Том уставился на стену, радуясь приливу черного небытия, которое он обычно ощущал по ночам в магловском мире. Когда завывали сирены и дрожали стены, и он так мало заботился об этом, что даже не шевелился с места, где спал.
Если бы он носил четки, найденные на заброшенной молитвенной скамье, то вертел бы их между пальцами в кощунственном раздумье.
Что же он привез с собой? Мешок, набитый бесполезными магловскими предметами, его дневник и волшебная палочка. Его чемодан был спрятан под разбитой лестницей, почти недоступной для большинства людей. Никто не смог бы открыть его, не зная код для порванной кожаной застежки. Его книги, его исследования, его зелья и школьные задания были потеряны во времени.
Он был одинок, покинут совсем другим способом; он полагал, что привык к изоляции, но теперь он знал, что имел привилегии.
— Учитывая сложившуюся ситуацию, мне кажется несправедливым лишать тебя должного образования, — спокойно произнёс Дамблдор. — К счастью, я теперь директор Хогвартса, так что твое поступление в нашу школу вполне в моих силах.
Том уставился на стену и подумал, когда же семья, жившая здесь раньше, заделала трещины известковым раствором и разровняла их краской. Он гадал, насколько глубоко гниют эти балки, или они защищают и блокируют бомбы, как эгоистичные волшебники делали со всем остальным.
-…Очень удобно, что в момент твоего появления у тебя была с собой волшебная палочка, — продолжил Дамблдор, не заботясь о том, что Том ничего не ответил. — Это действительно утомительная задача-найти альтернативную палочку.
Том гадал, где же был Дамблдор, оставался ли он в замке, когда Тома запирали в бомбоубежище насмешливые дети.
Демон! Чудовище!
— Мы, конечно, сможем
разобраться с тобой после того, как проведем соответствующие медицинские анализы и, если потребуется, проведем другое лечение. Не годится, чтобы ты ходил с травмами.
Дьявольское отродье! Умри в огне, дьявольское отродье!

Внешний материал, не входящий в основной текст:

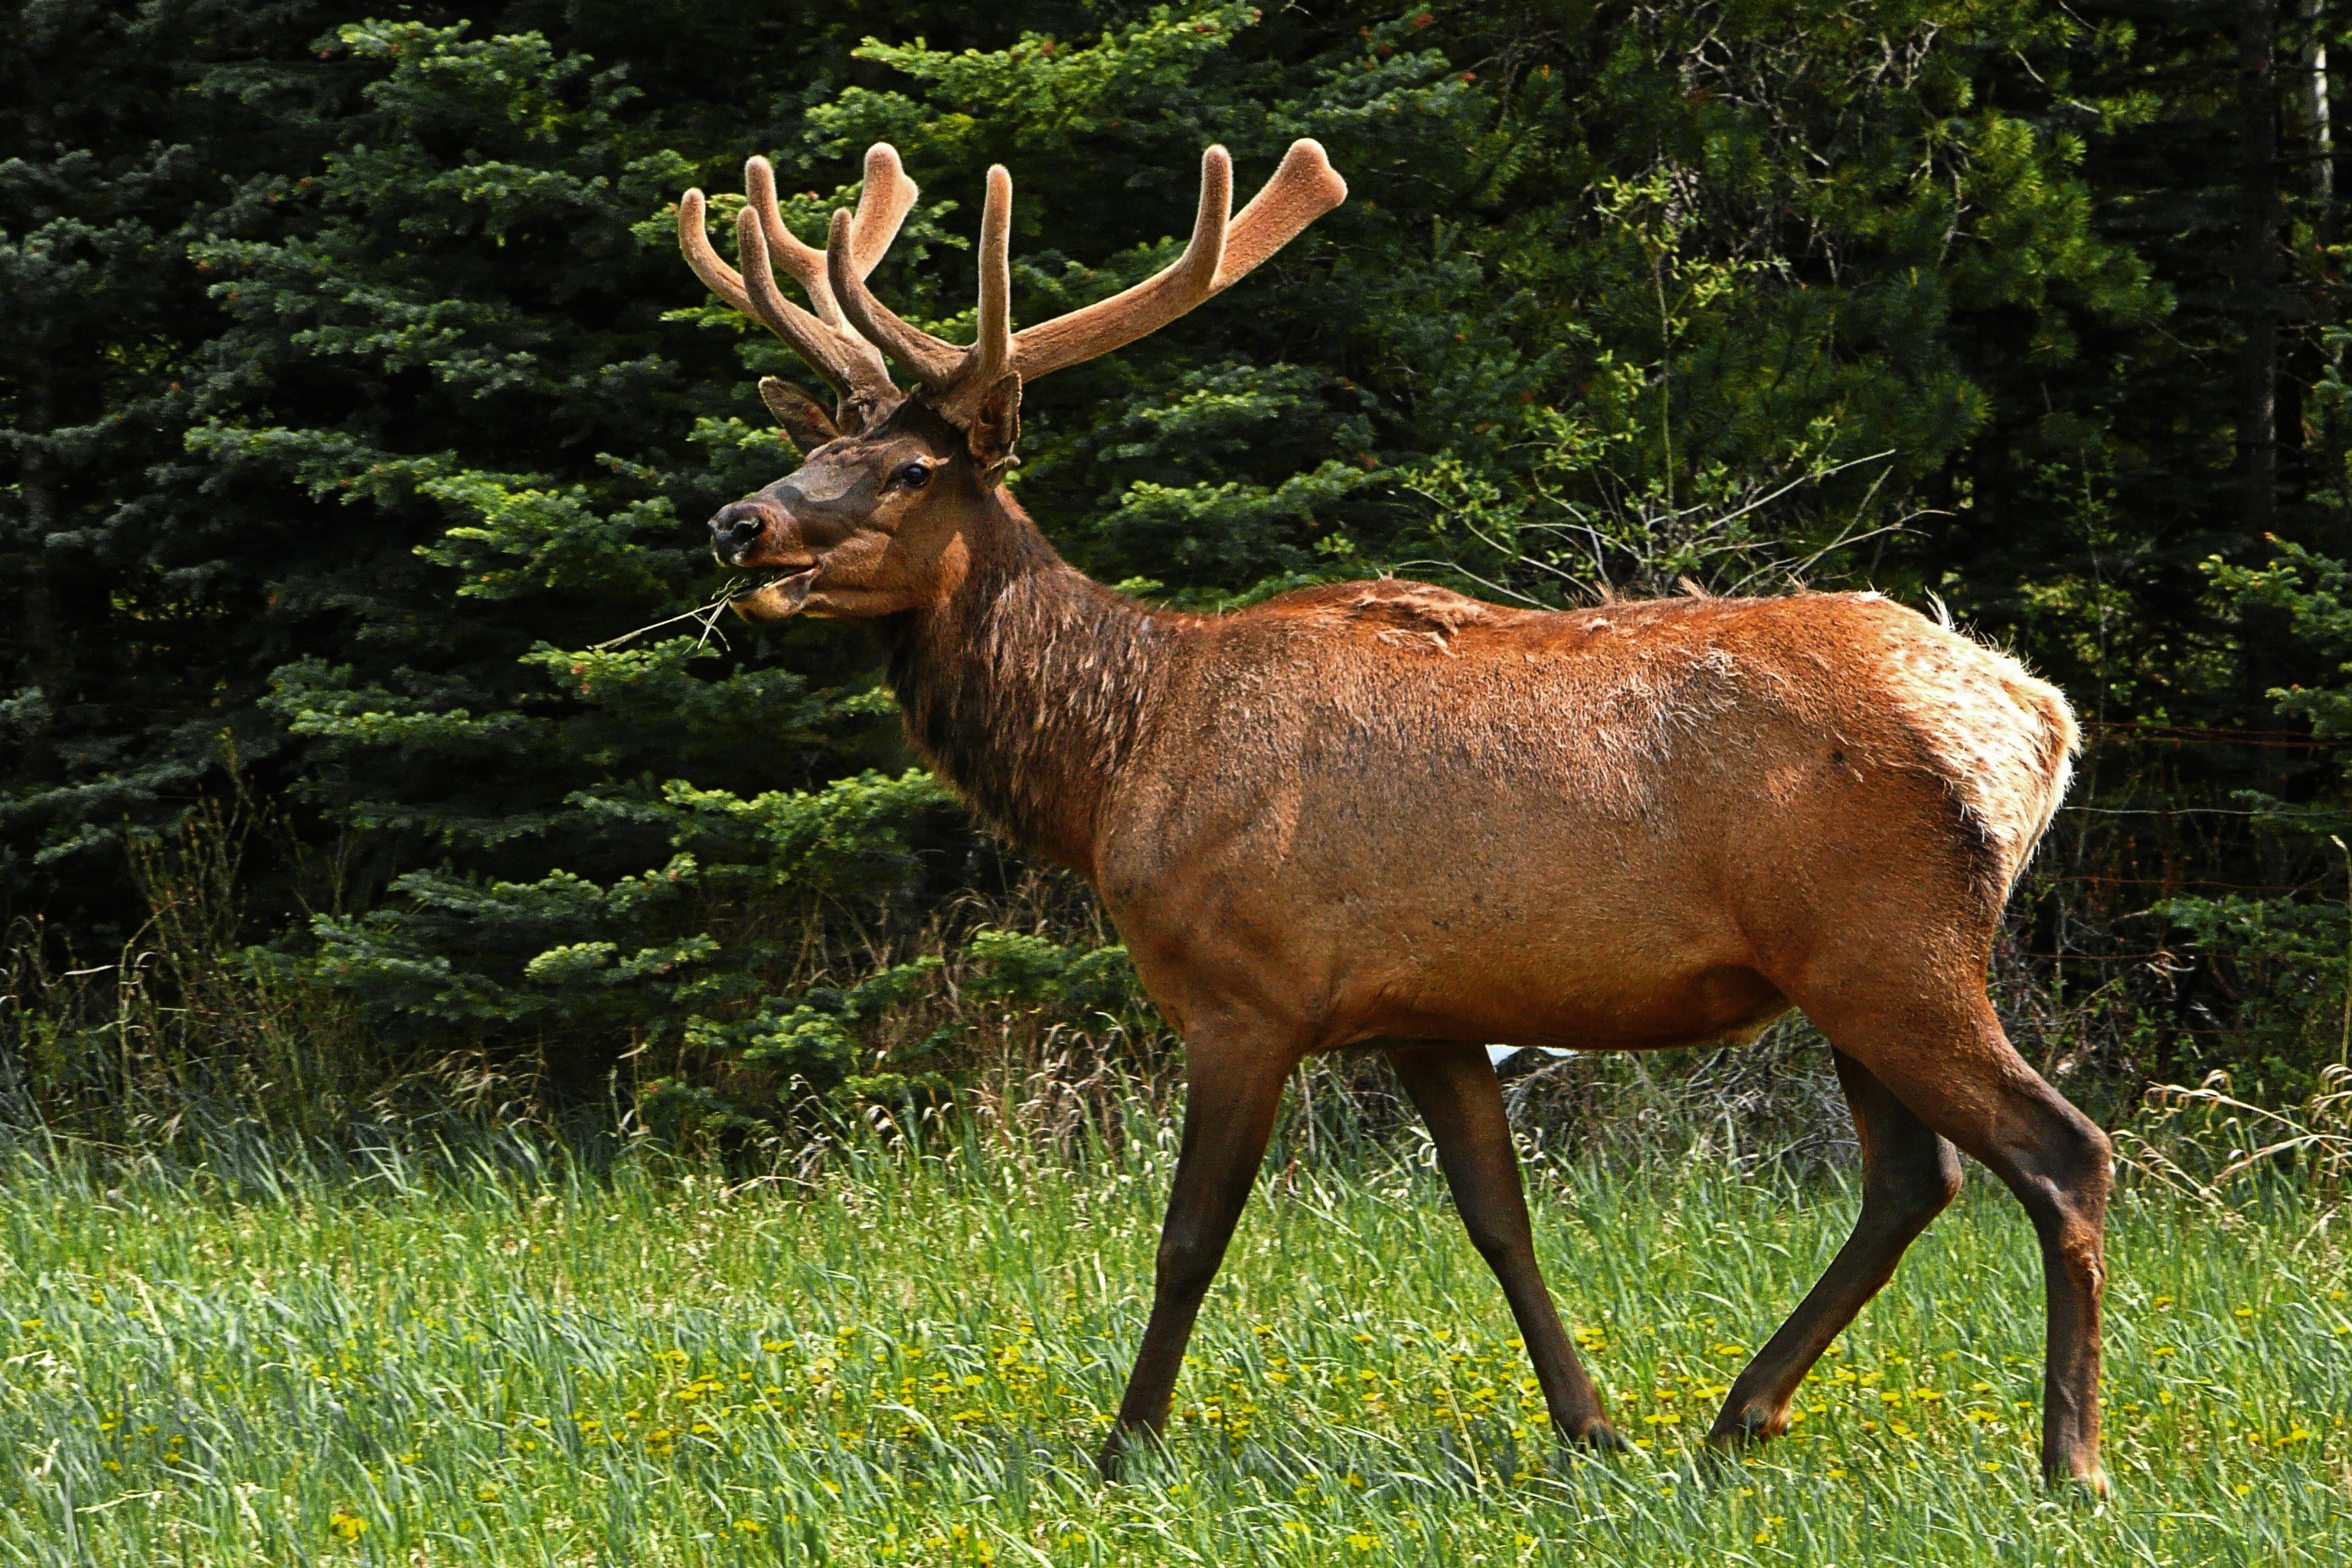 Wildlife, Elk, Nature, Deer, Antlers, animal wildlife, animals in the wild

Губы Тома онемели, когда он тихо прошептал себе под нос: «Ipse venena bibas. Ipse venena bibas.»*
Ipse venene bibas*! Выпей яд сам! Изыди из этого ребенка, Сатана!
* Чашу яда сам да вкусит (лат.)
Том медленно и глубоко вдохнул, его грудь расширялась, когда он выдыхал и думал.
— Вы утверждаете, что приютите меня, хотя человек без опознавательных знаков никогда не достигнет многого в этом мире.
Дамблдор не выглядел обеспокоенным этим заявлением.
— Это правда. Это счастье, что наши друзья могут заверить твою личность. Студент по обмену, ребенок, ищущий убежища из менее счастливых стран.
Том не отвел взгляда от стены.
— Это ложь. Подделка личности. Я не существую, я-никто.
Ipse venena bibas!
Пальцы Дамблдора шевельнулись на чашке, которую он держал в руке.
— Может быть, это и правда. Возможно, используй этот шанс как возможность достичь того, чего ты никогда не мог. Используй это как искупление. В твоей религии, если я правильно помню, это можно назвать искуплением.
Том улыбнулся на эту мысль. На старика, пытающегося использовать слова и пения, вырезанные в его черепе от отчаяния и страха.
То, как свечи жгли его, как от воска по коже бегали мурашки, а от розмарина и боярышника зудела спина.
Стал бы этот человек использовать религию против него, если бы знал, на что идут люди перед лицом страха? Как люди находили дьявола в теле тех, кто постоянно бросал им вызов.
«Искупление.» Том попробовал это слово на вкус. На вкус оно напоминало желудочную кислоту, обжигающую десны и смешивающуюся с кровью.
— Нет никого более доброго и милосердного, чем Господь. Но даже он не прощает нераскаявшихся.
Том выпьет яд Дамблдора, потому что не знает, что еще можно сделать. Дюжина плетей, крест, зажатый в дрожащих пальцах, когда бомбы сотрясали землю подобно реву какого-то демонического существа.
Прошу, Господи дай мне жить.
— Я буду играть по вашим правилам, — сказал Том, медленно отводя взгляд от стены. — Не поймите меня превратно. Я не верю ни в Бога, ни в это мелочное поклонение.